Data segment:
= = = =
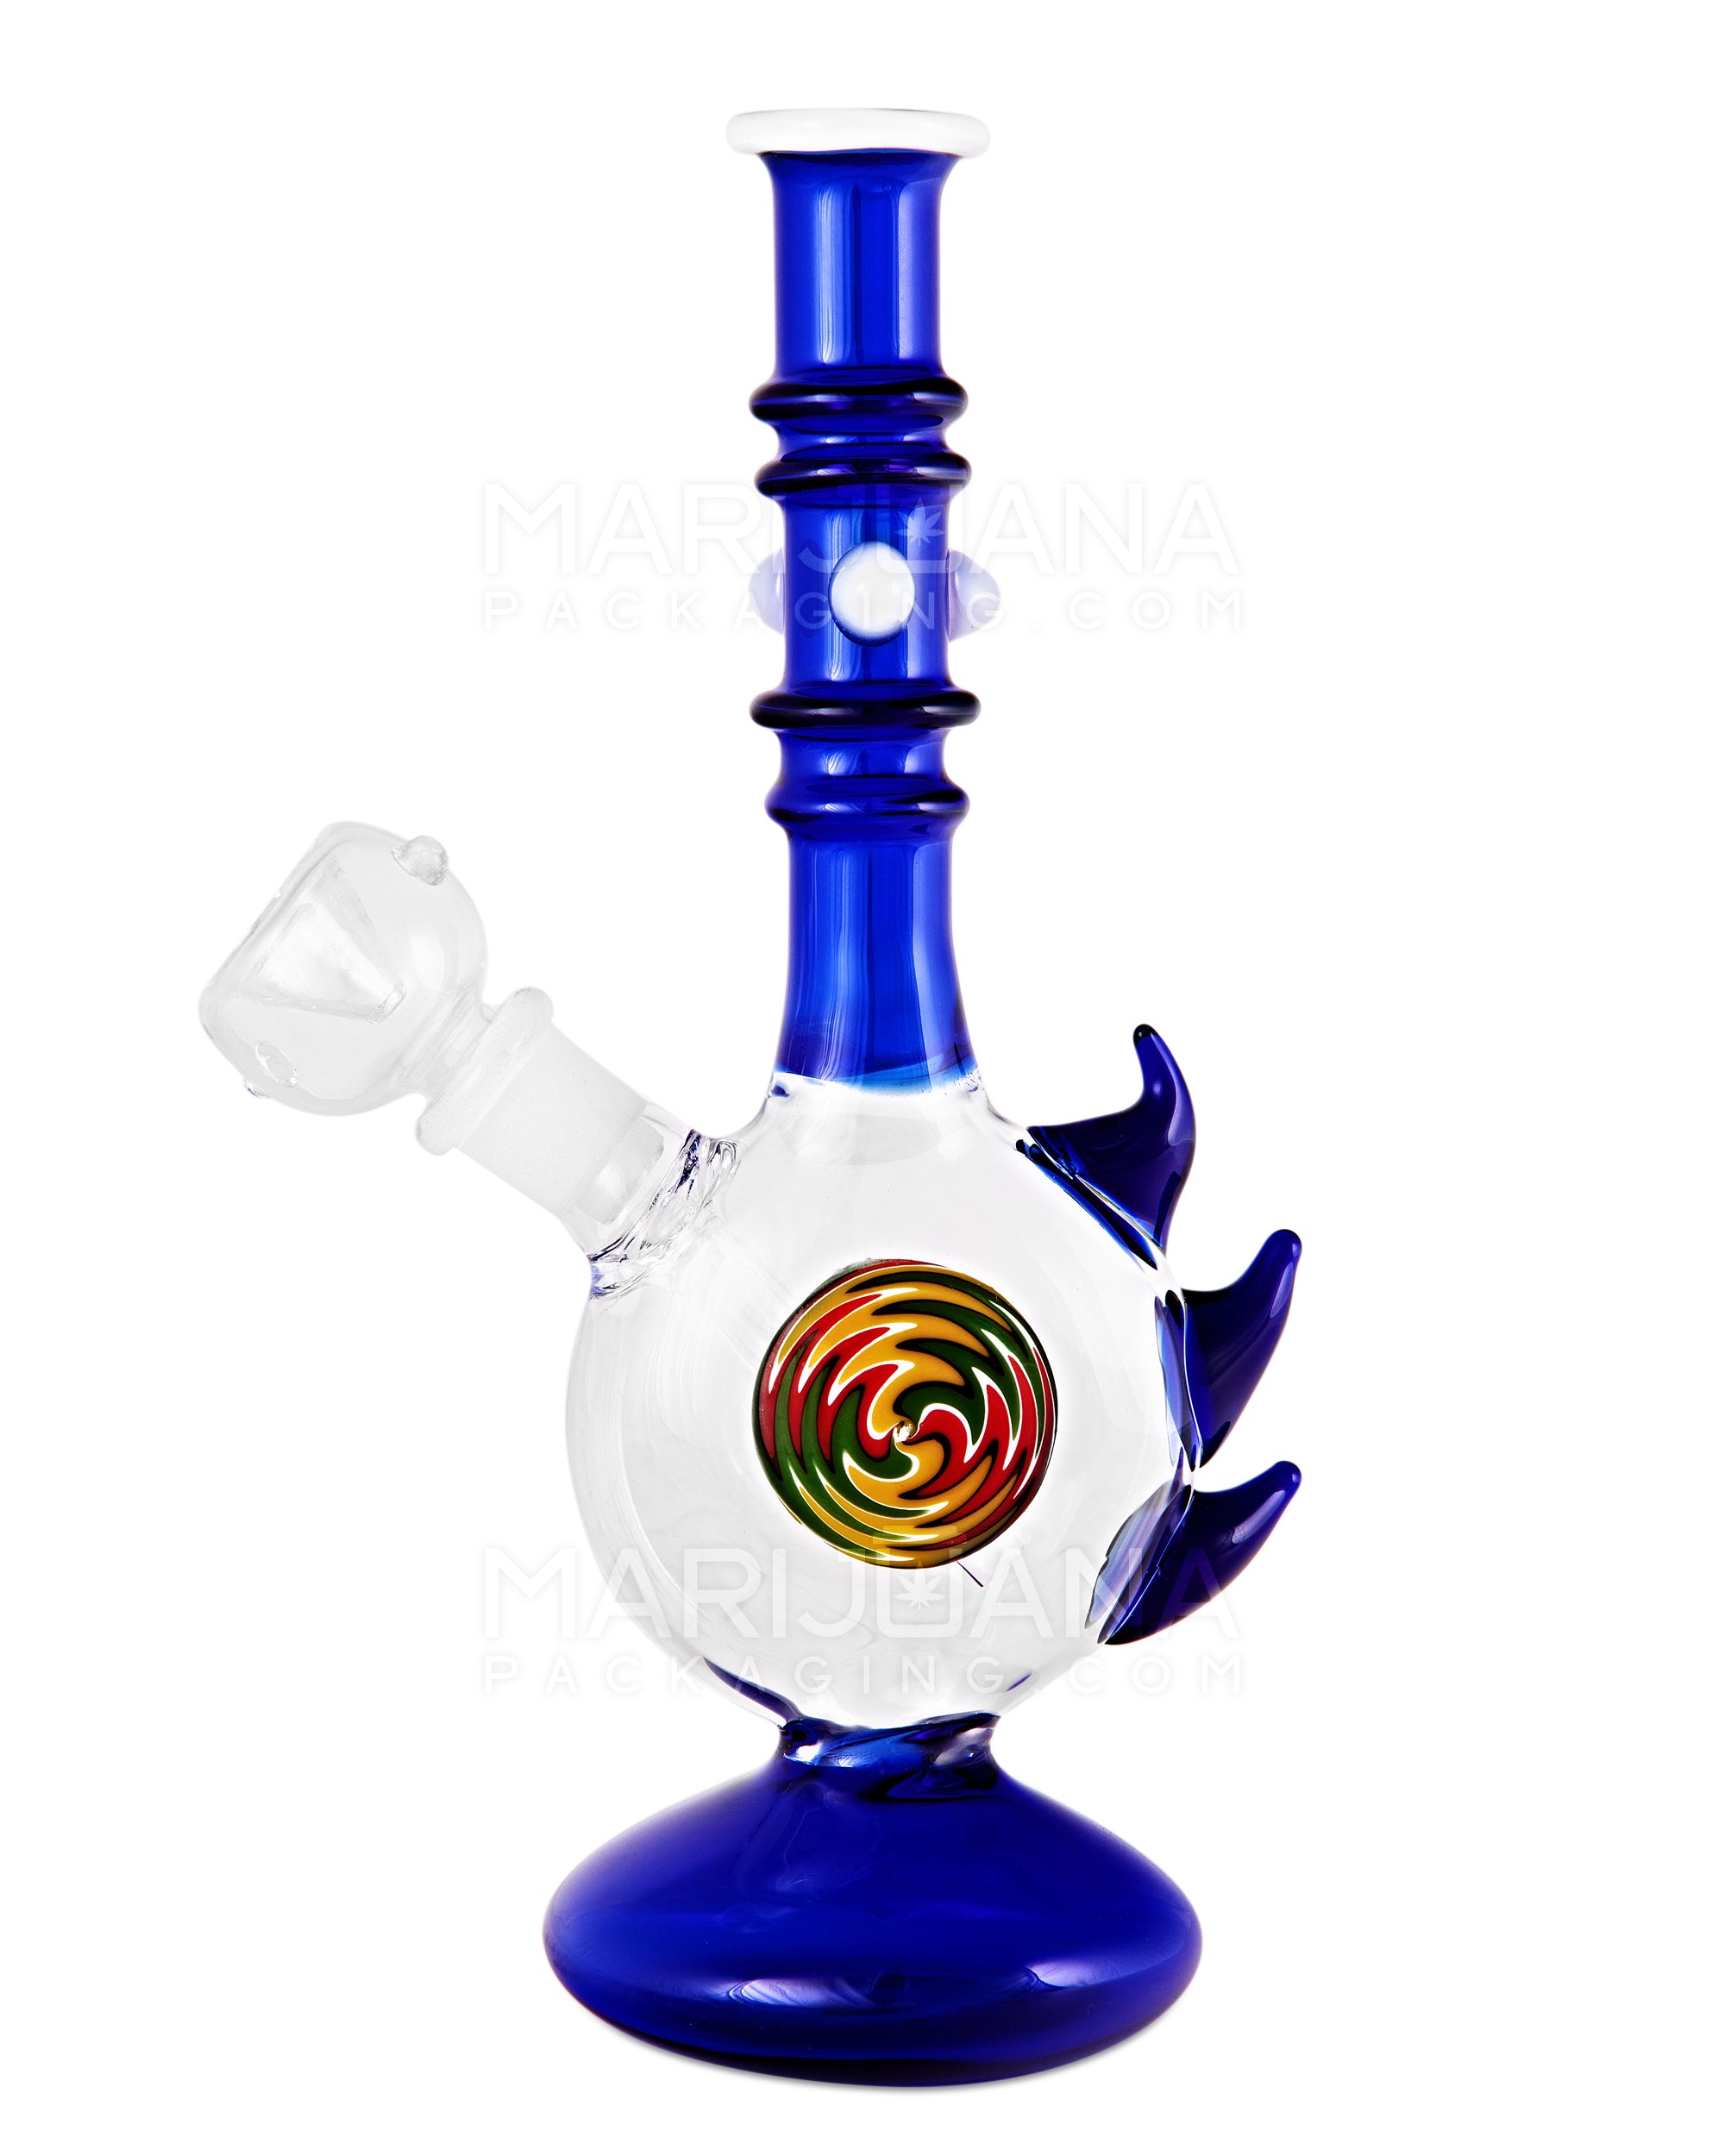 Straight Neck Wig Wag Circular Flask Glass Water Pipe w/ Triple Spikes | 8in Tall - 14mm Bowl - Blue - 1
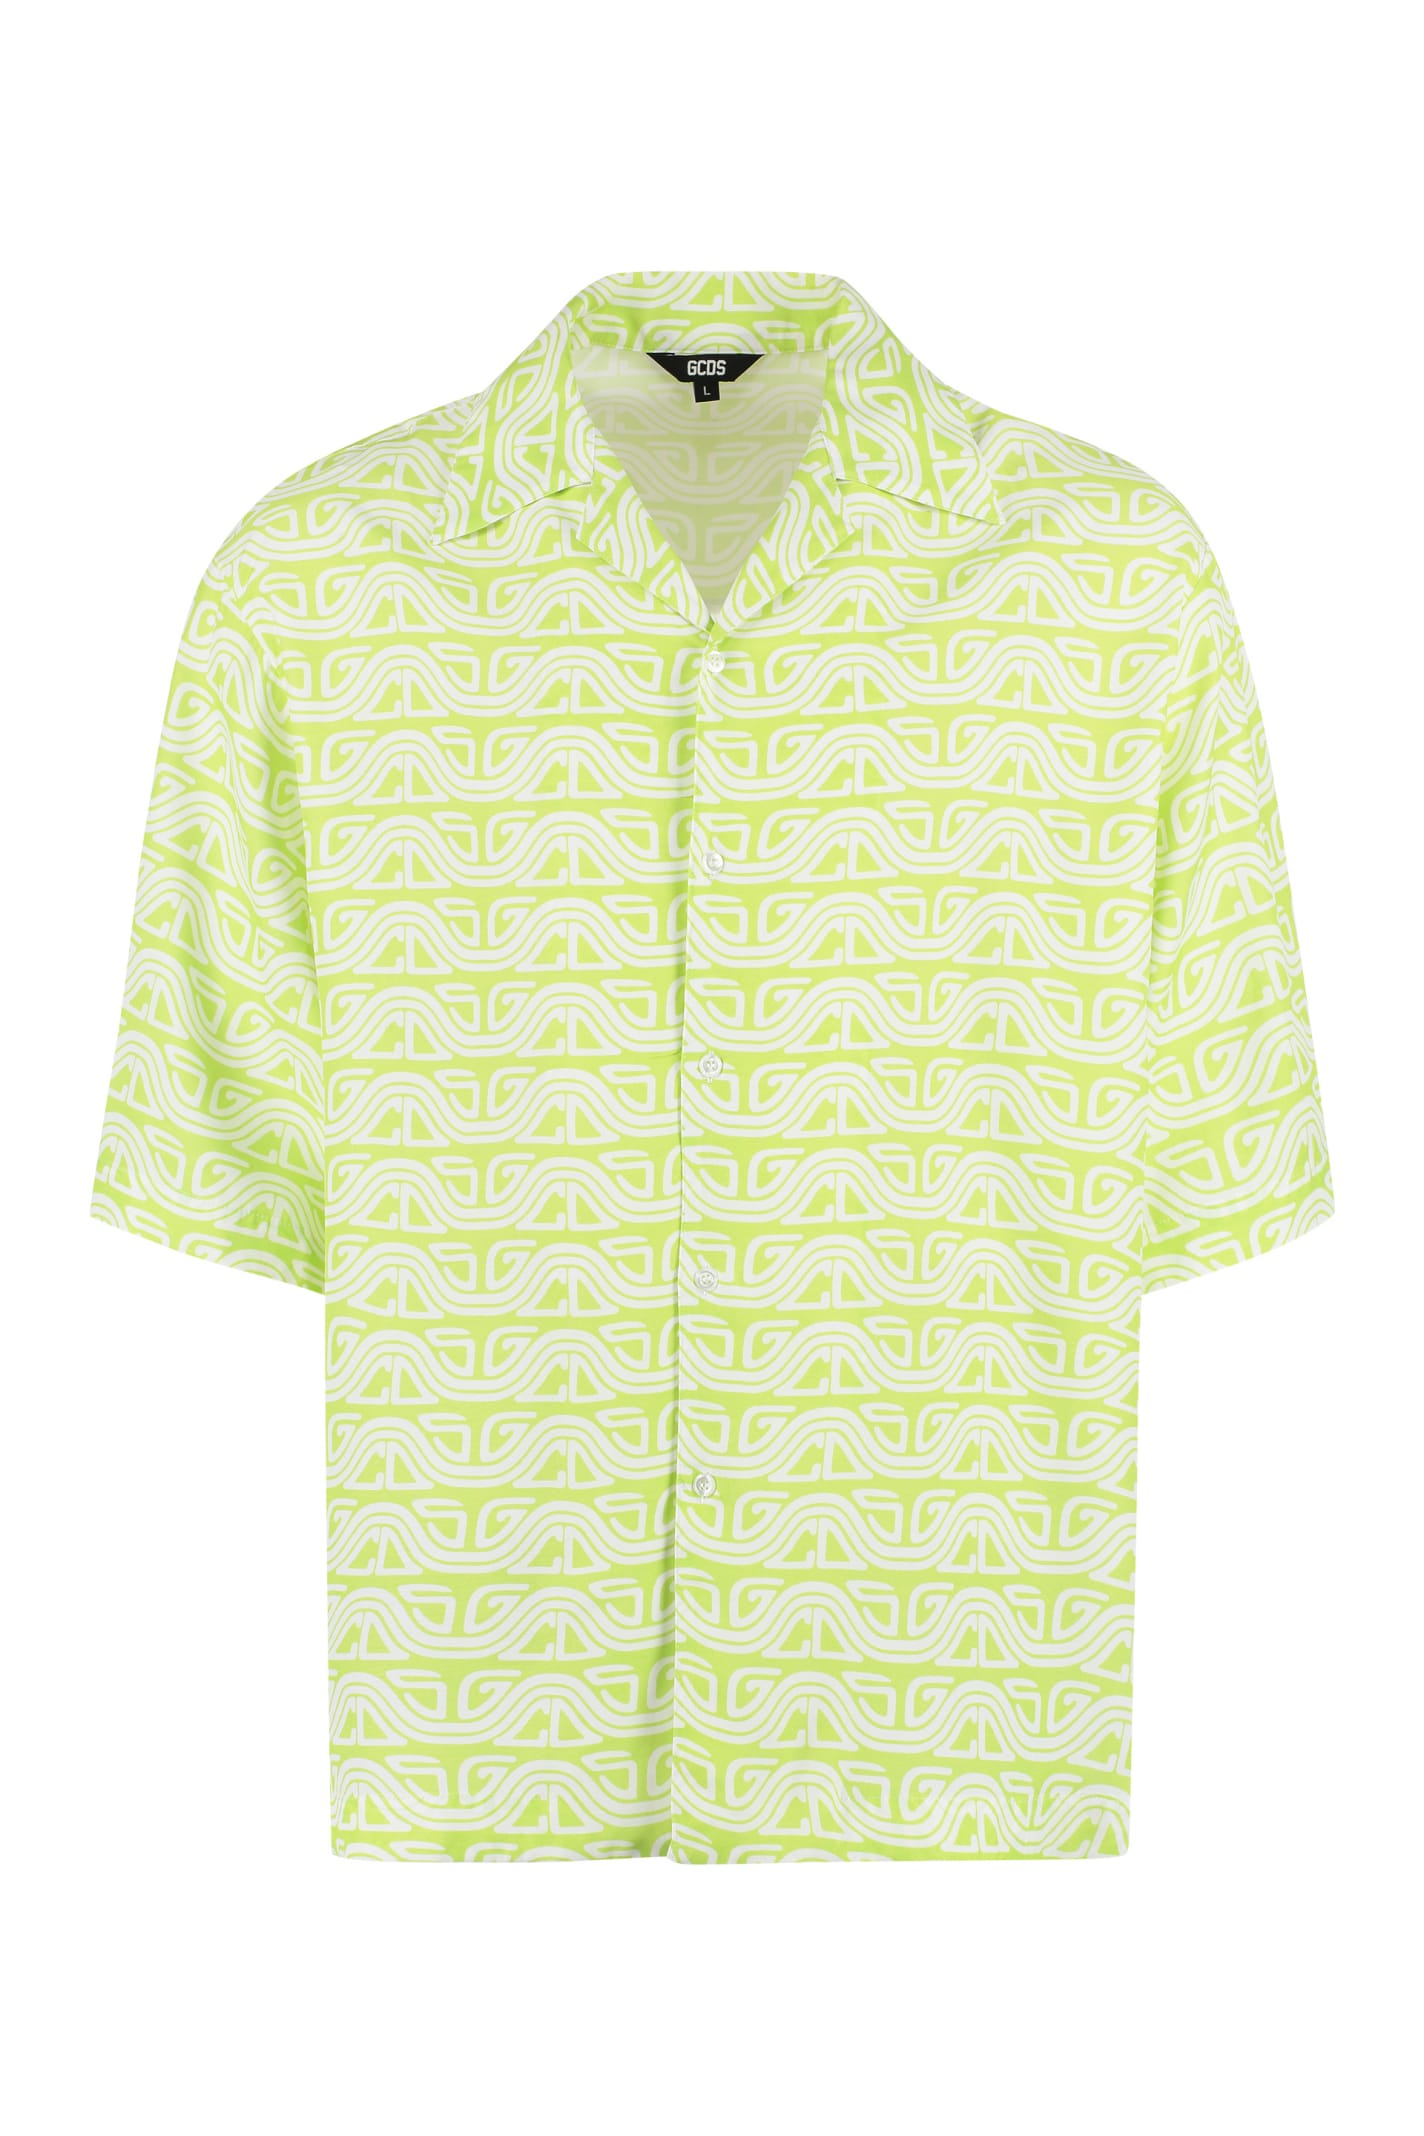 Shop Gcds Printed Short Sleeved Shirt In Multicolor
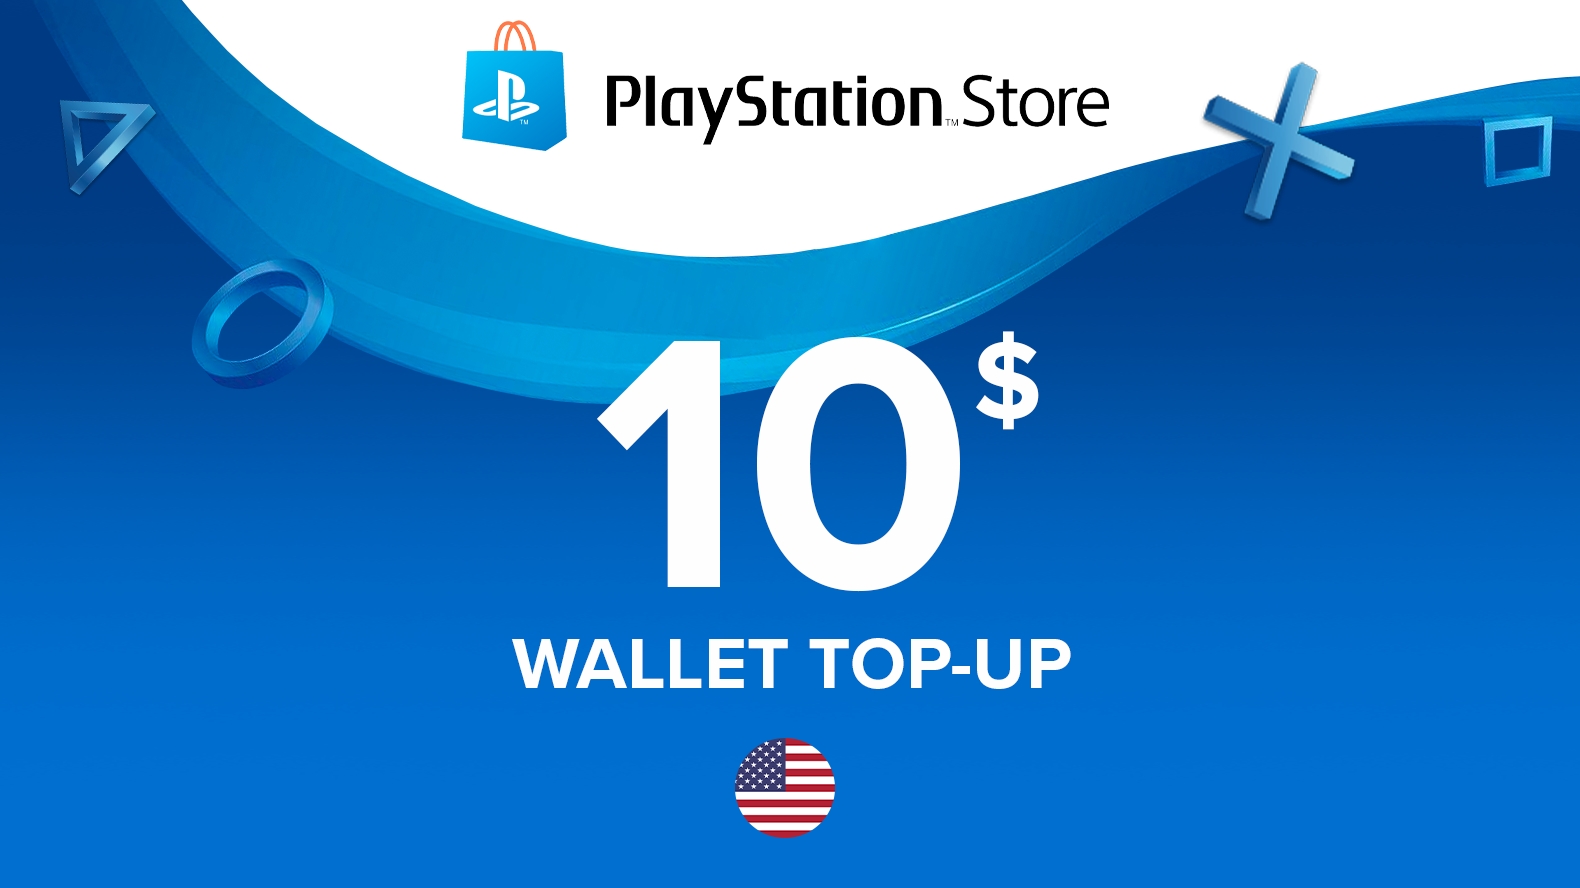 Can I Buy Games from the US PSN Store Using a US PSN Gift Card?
= = = =
Directions: Set down the material above exactly as written, but not the pictures.

Task response:
 Straight Neck Wig Wag Circular Flask Glass Water Pipe w/ Triple Spikes | 8in Tall - 14mm Bowl - Blue - 1
 Shop Gcds Printed Short Sleeved Shirt In Multicolor
 Can I Buy Games from the US PSN Store Using a US PSN Gift Card?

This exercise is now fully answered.